### Material for the task
★ ★ ★ ★ ★

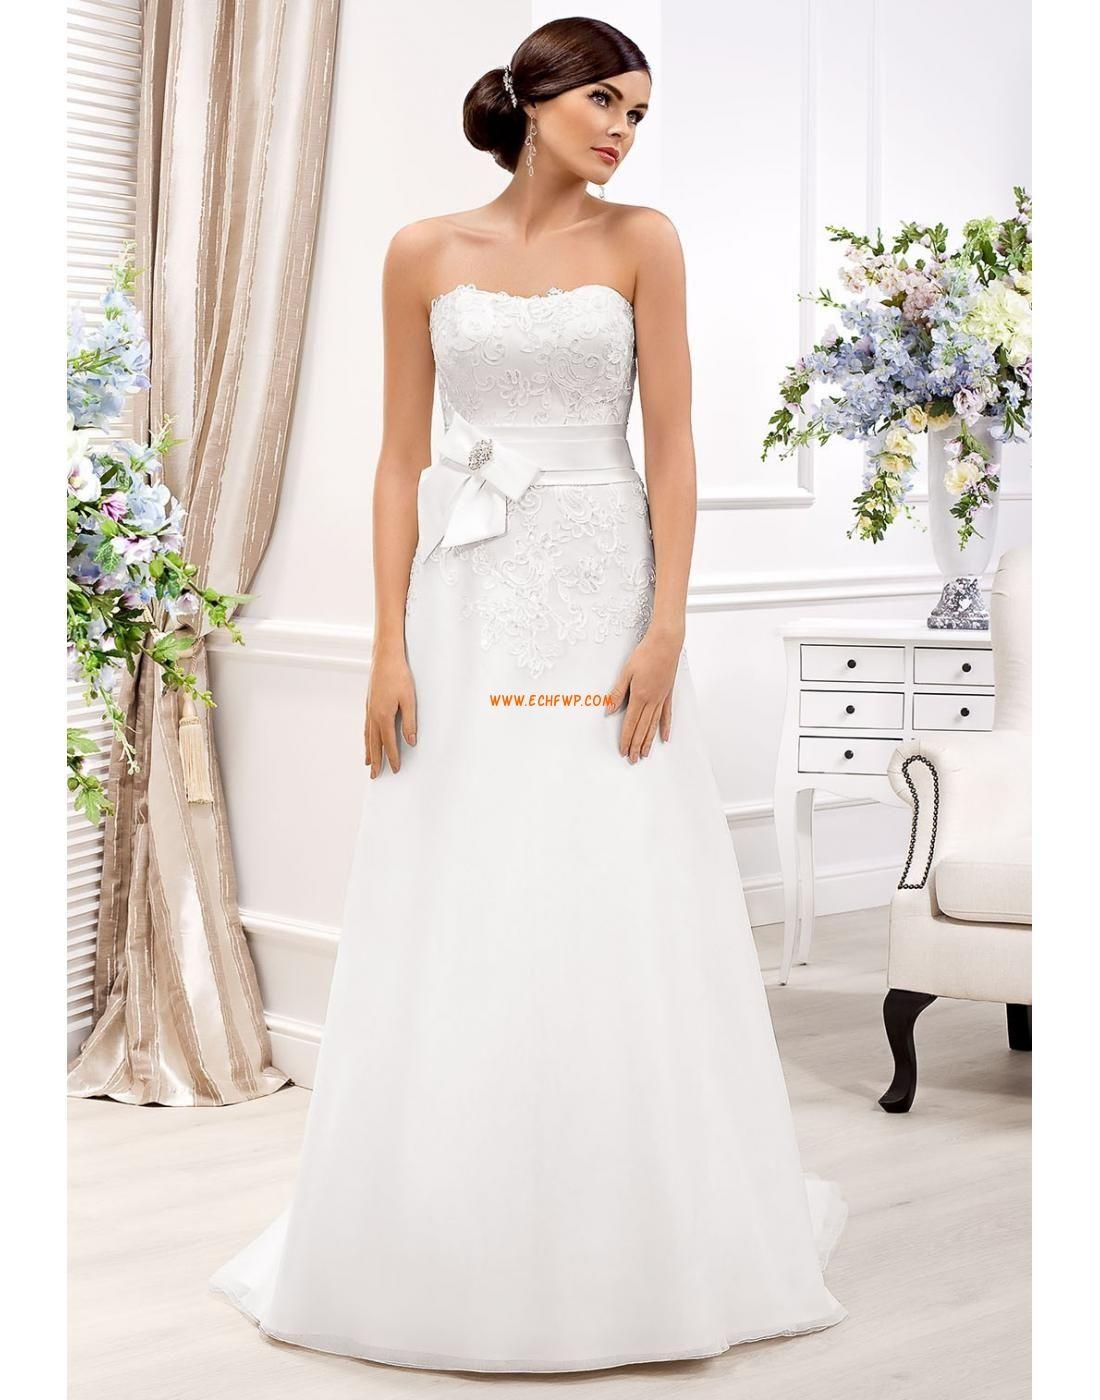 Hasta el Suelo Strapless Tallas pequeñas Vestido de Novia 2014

★ ★ ★ ★ ★

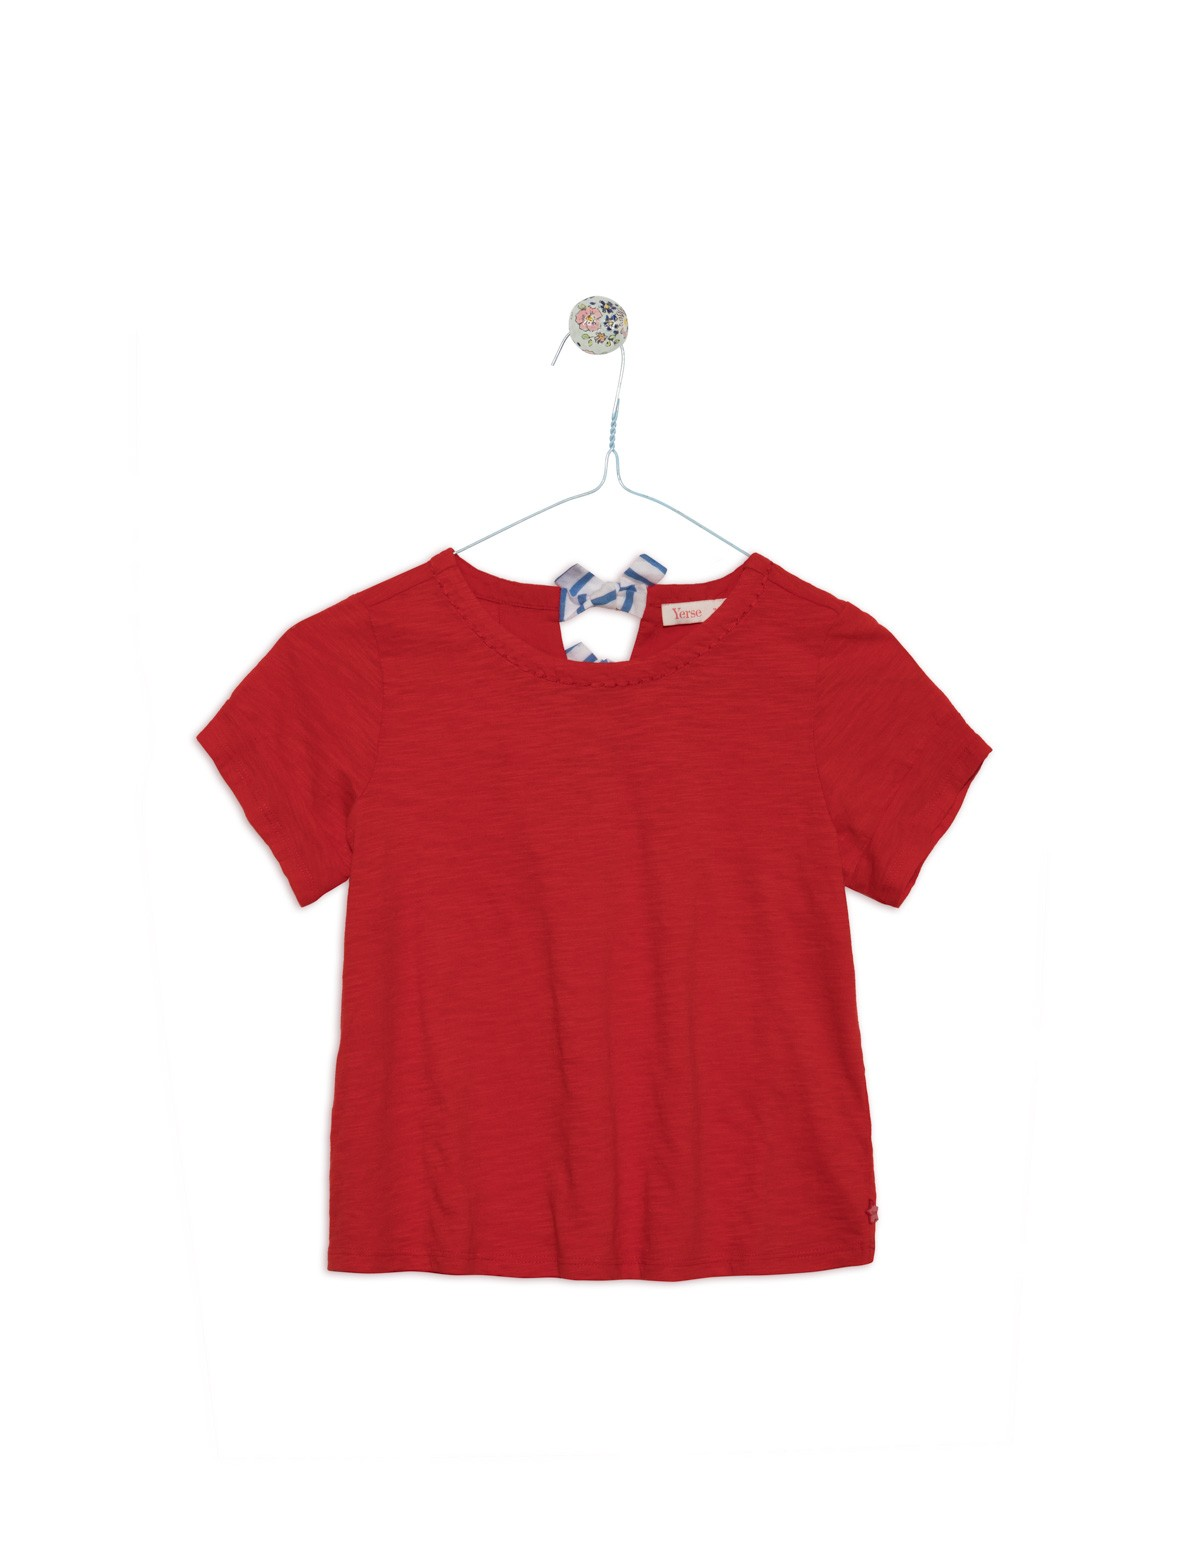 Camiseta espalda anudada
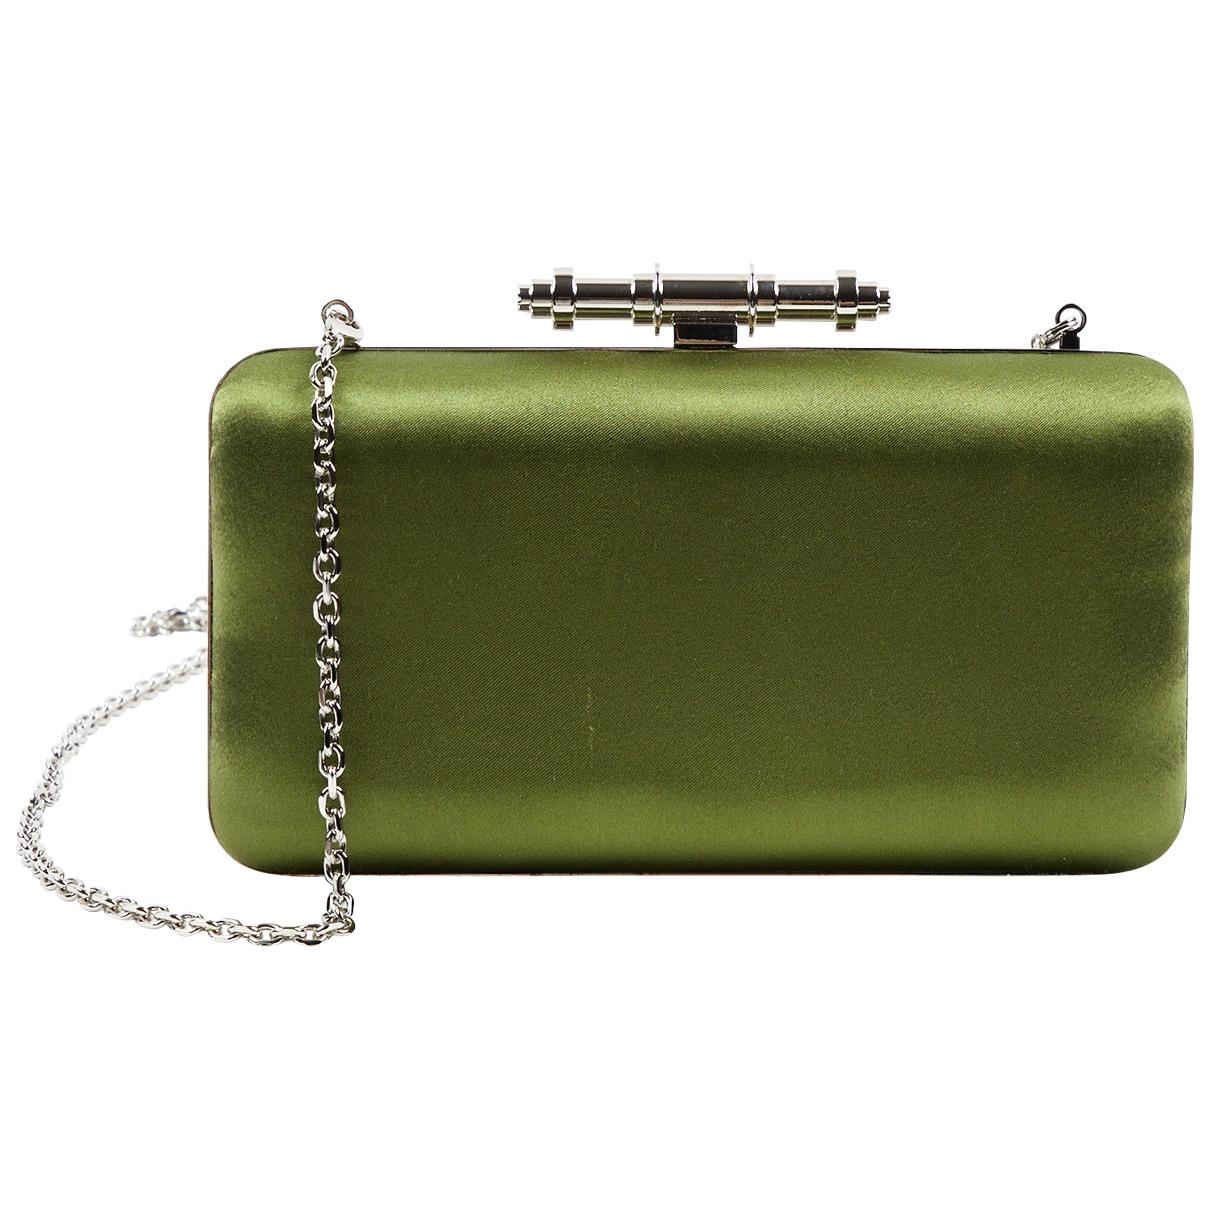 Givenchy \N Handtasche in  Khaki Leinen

★ ★ ★ ★ ★

### Instructions for the task
Work from the entries above. Set down exactly and only the lines from the line with "Camiseta espalda anudada" to the line with "Givenchy \N Handtasche", both included, and leave the pictures out.

### Exercise solution
 Camiseta espalda anudada
 Givenchy \N Handtasche in  Khaki Leinen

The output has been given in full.